== Data shown

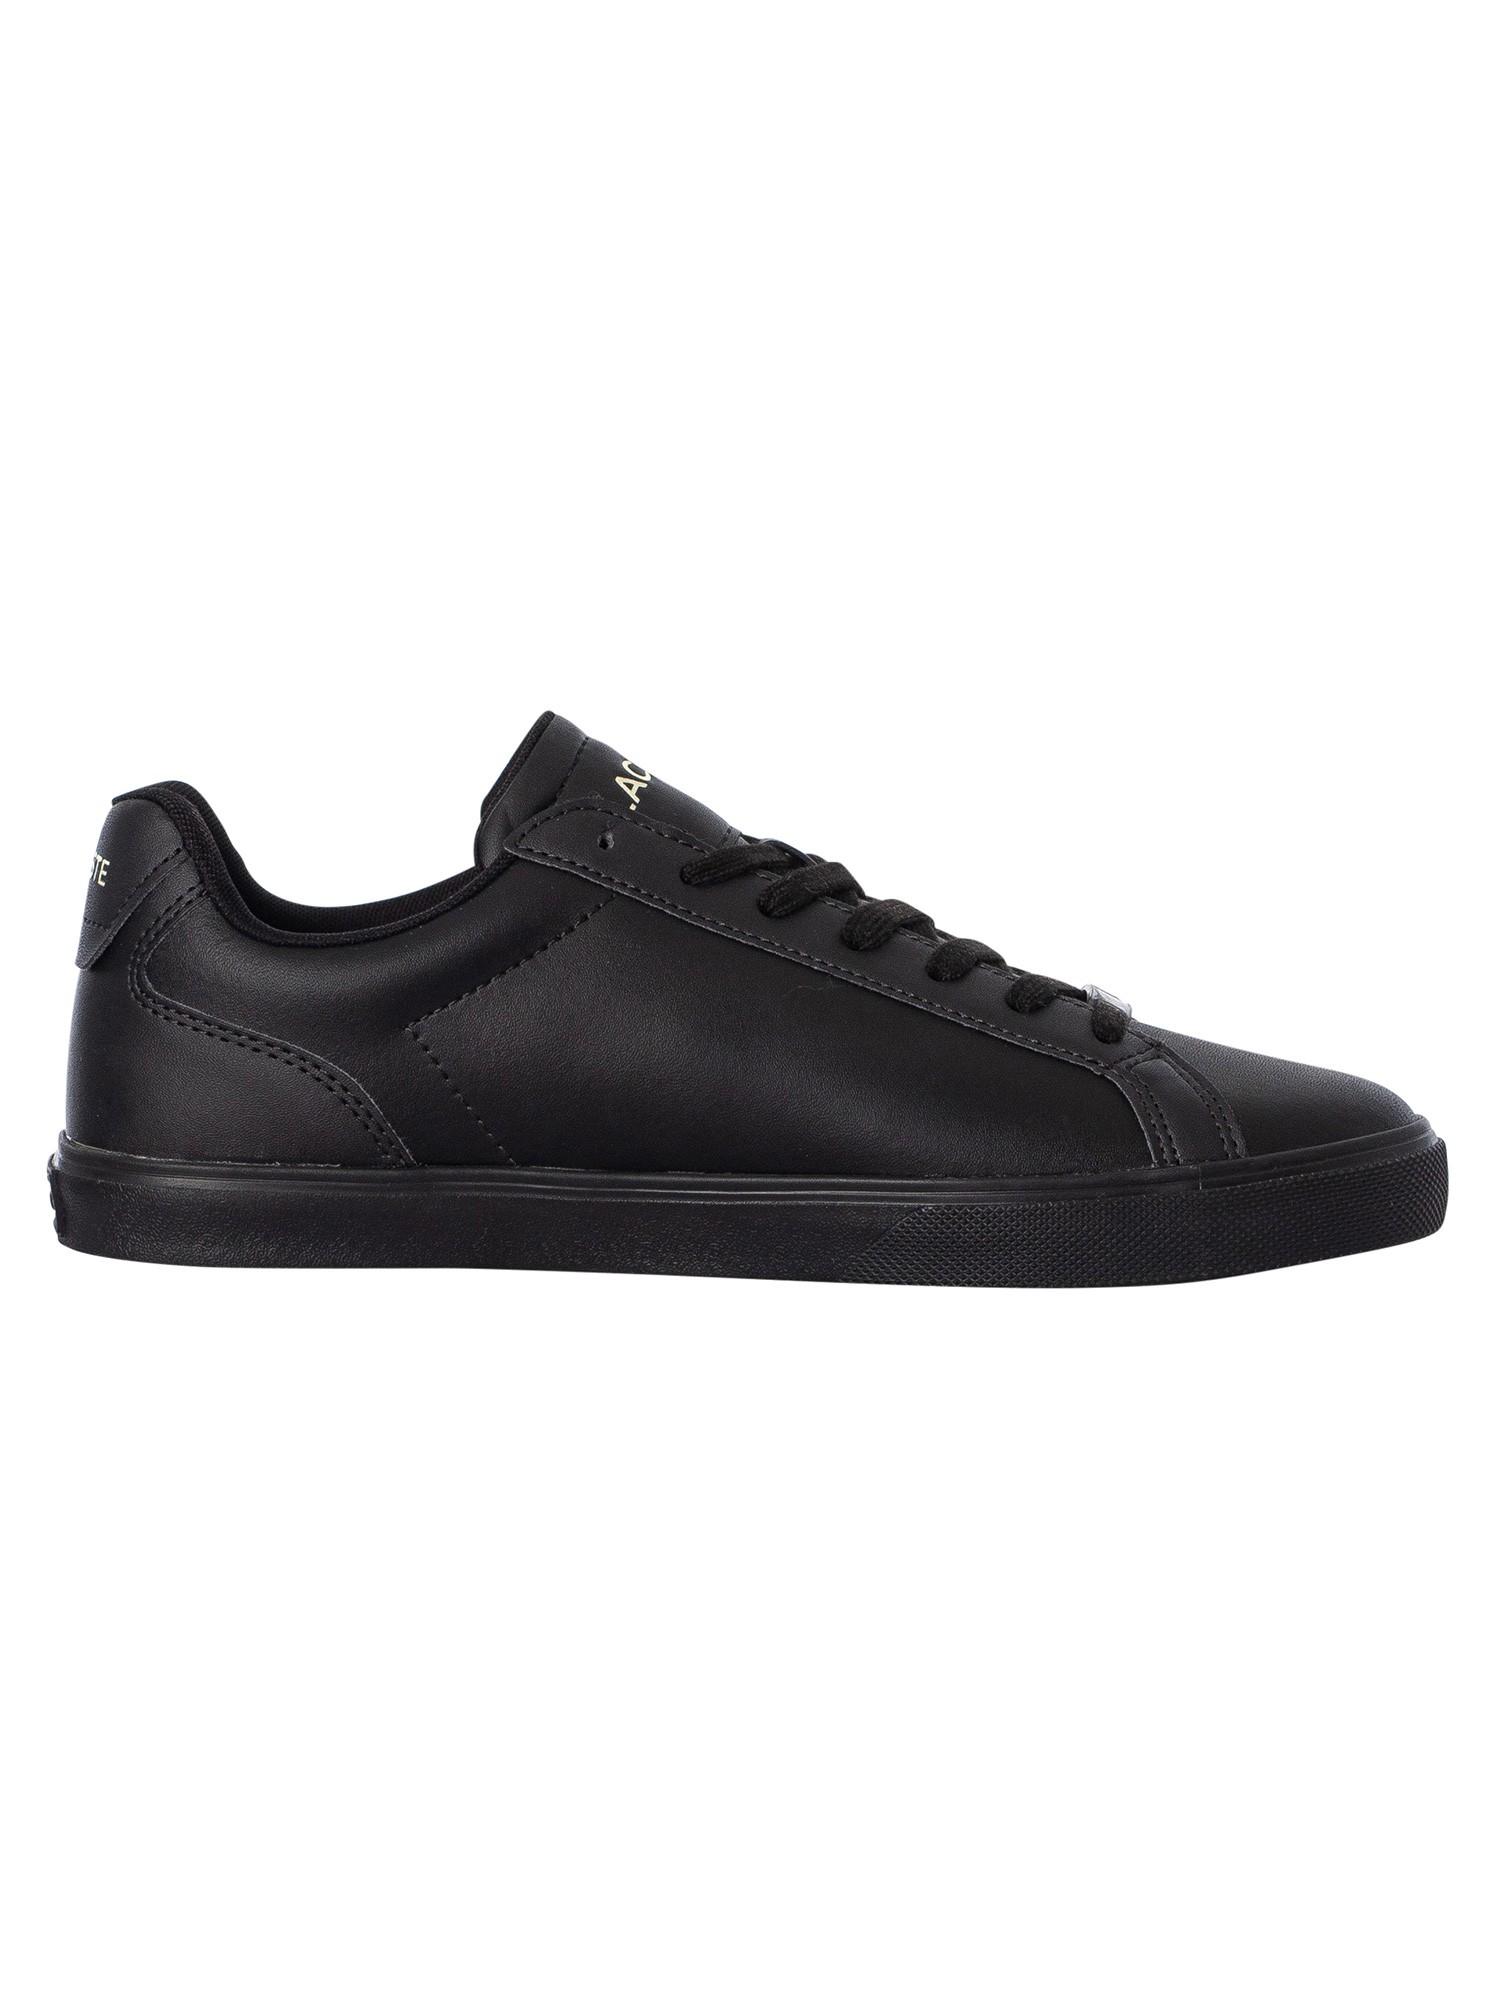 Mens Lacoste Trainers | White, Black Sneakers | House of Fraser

====
== Data shown

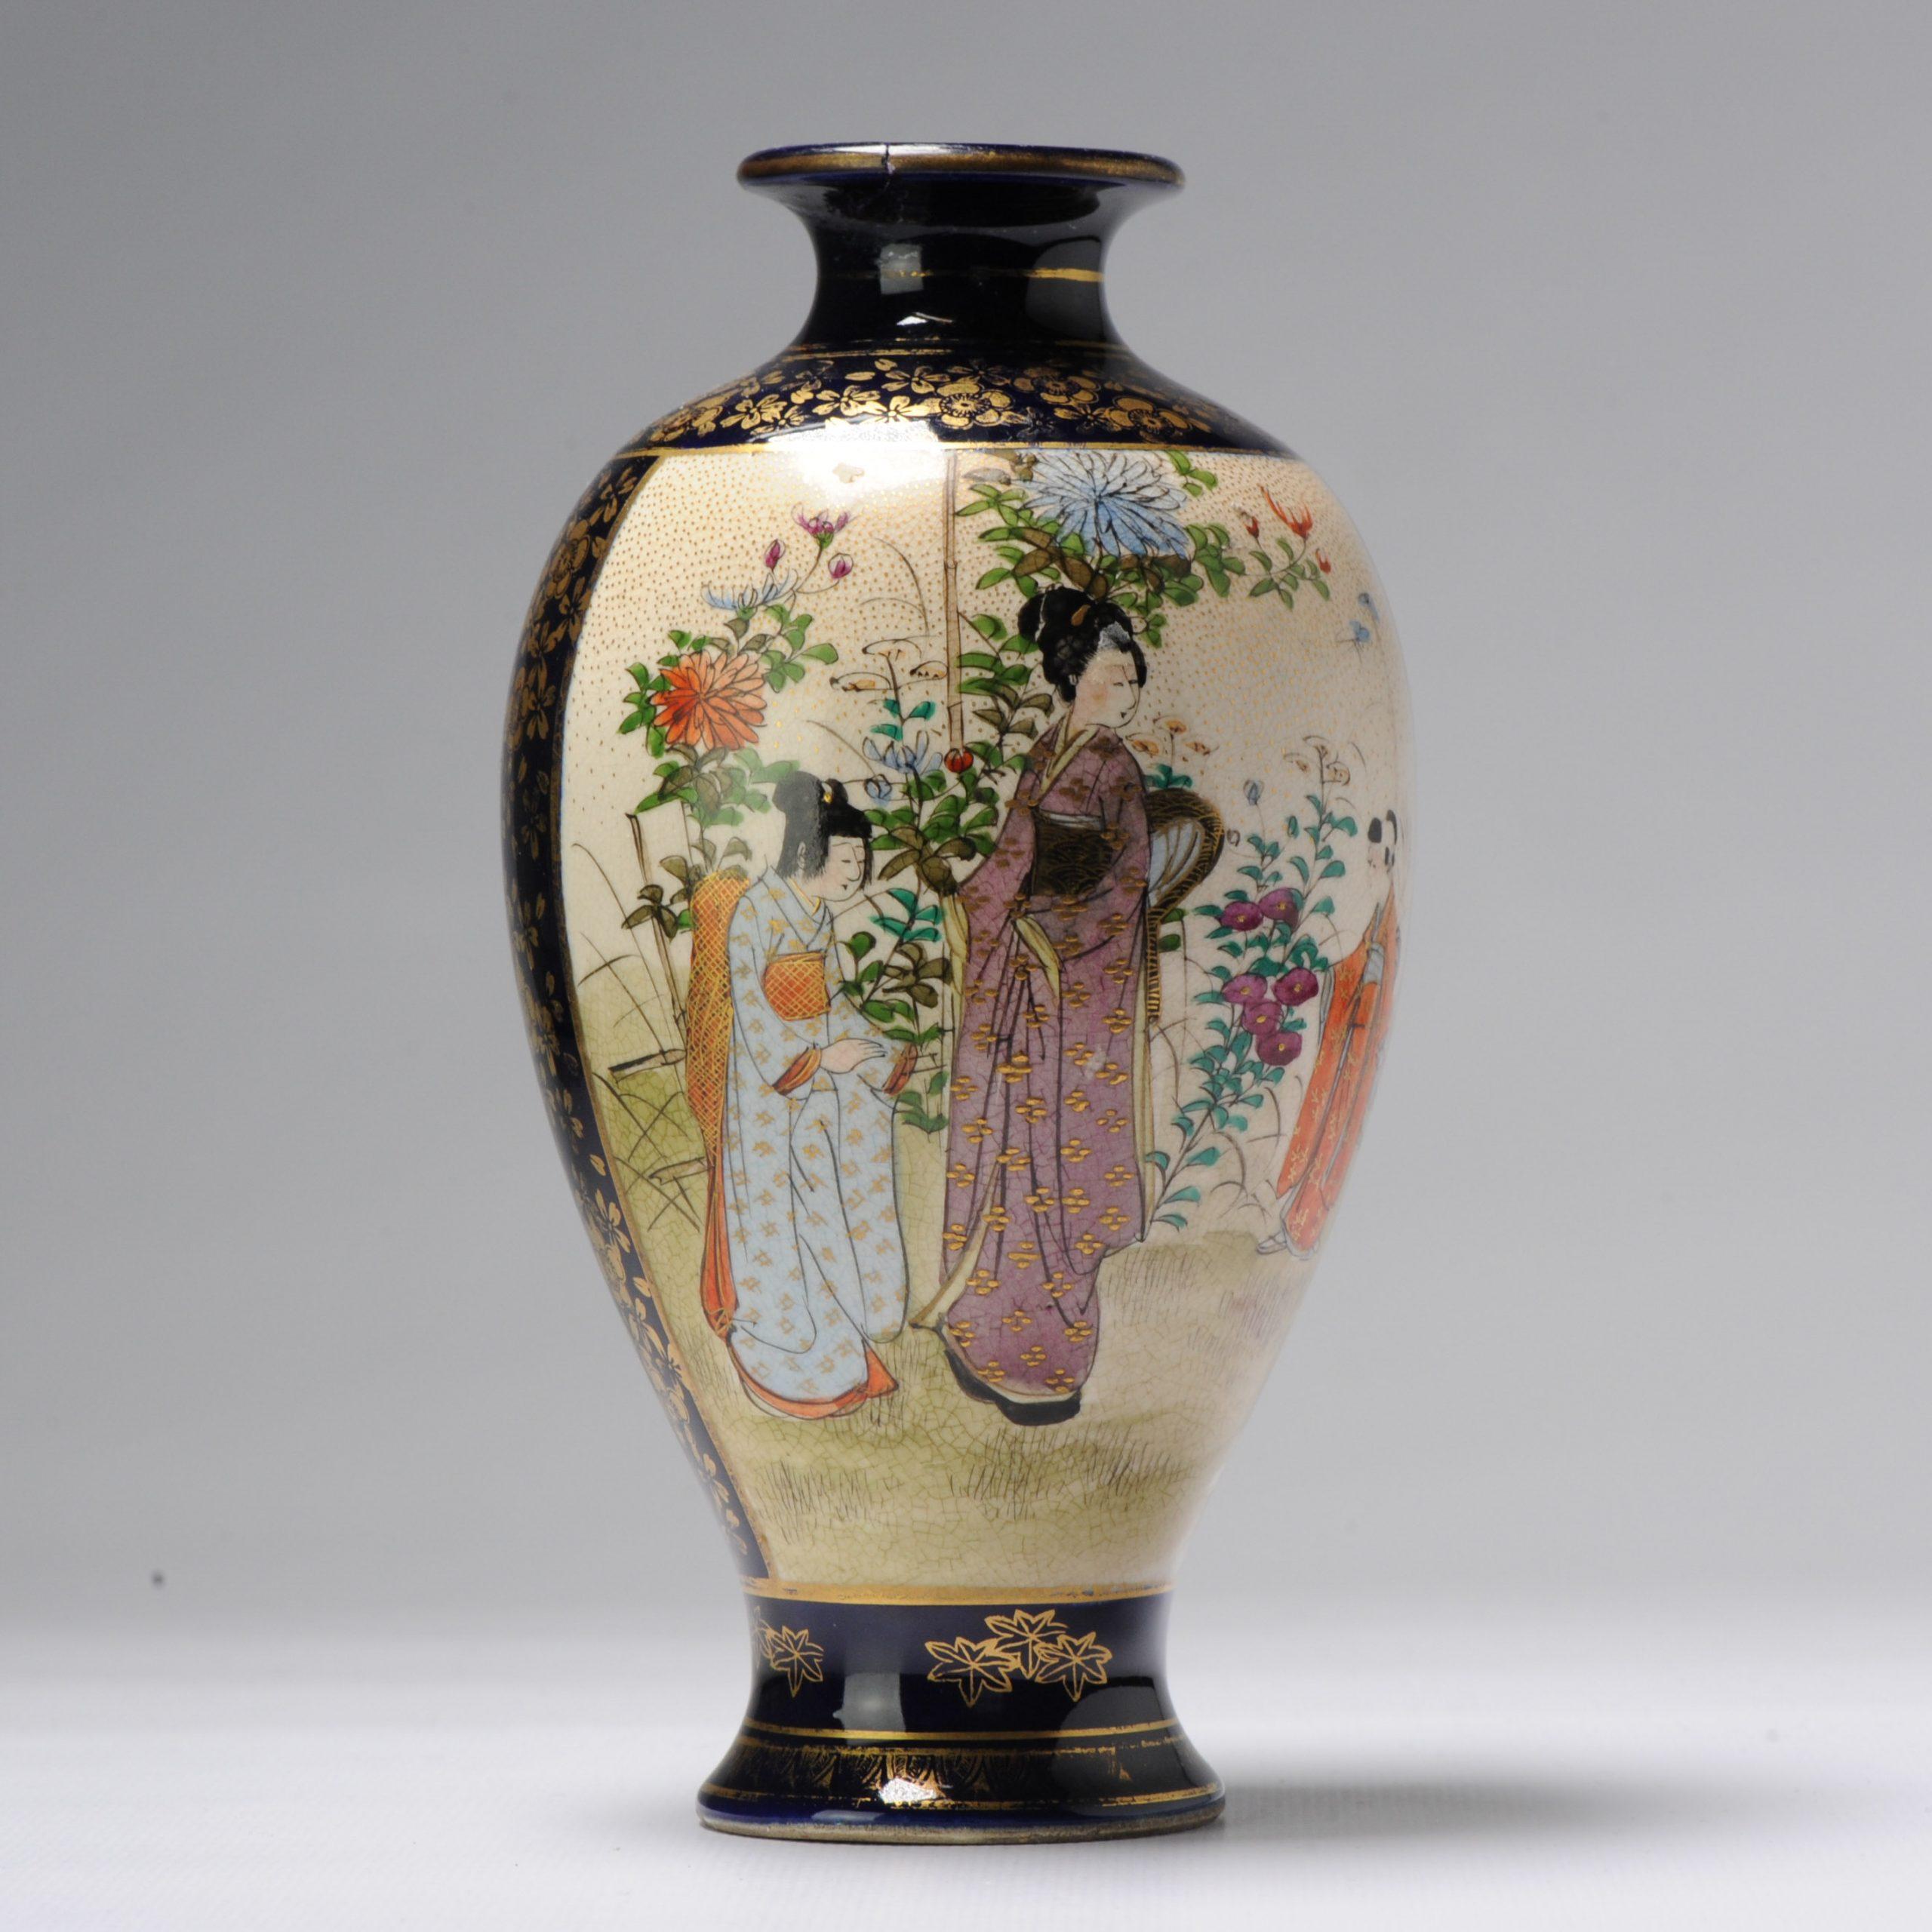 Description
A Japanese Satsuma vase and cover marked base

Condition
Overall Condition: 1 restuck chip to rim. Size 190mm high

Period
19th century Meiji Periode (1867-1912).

====

(Your assignment): Output only the lines above from the line that holds "Description" through the line that holds "19th century Meiji Periode (1867-1912).", both ends included, and exclude pictures.

(Written response):
 Description
A Japanese Satsuma vase and cover marked base

Condition
Overall Condition: 1 restuck chip to rim. Size 190mm high

Period
19th century Meiji Periode (1867-1912).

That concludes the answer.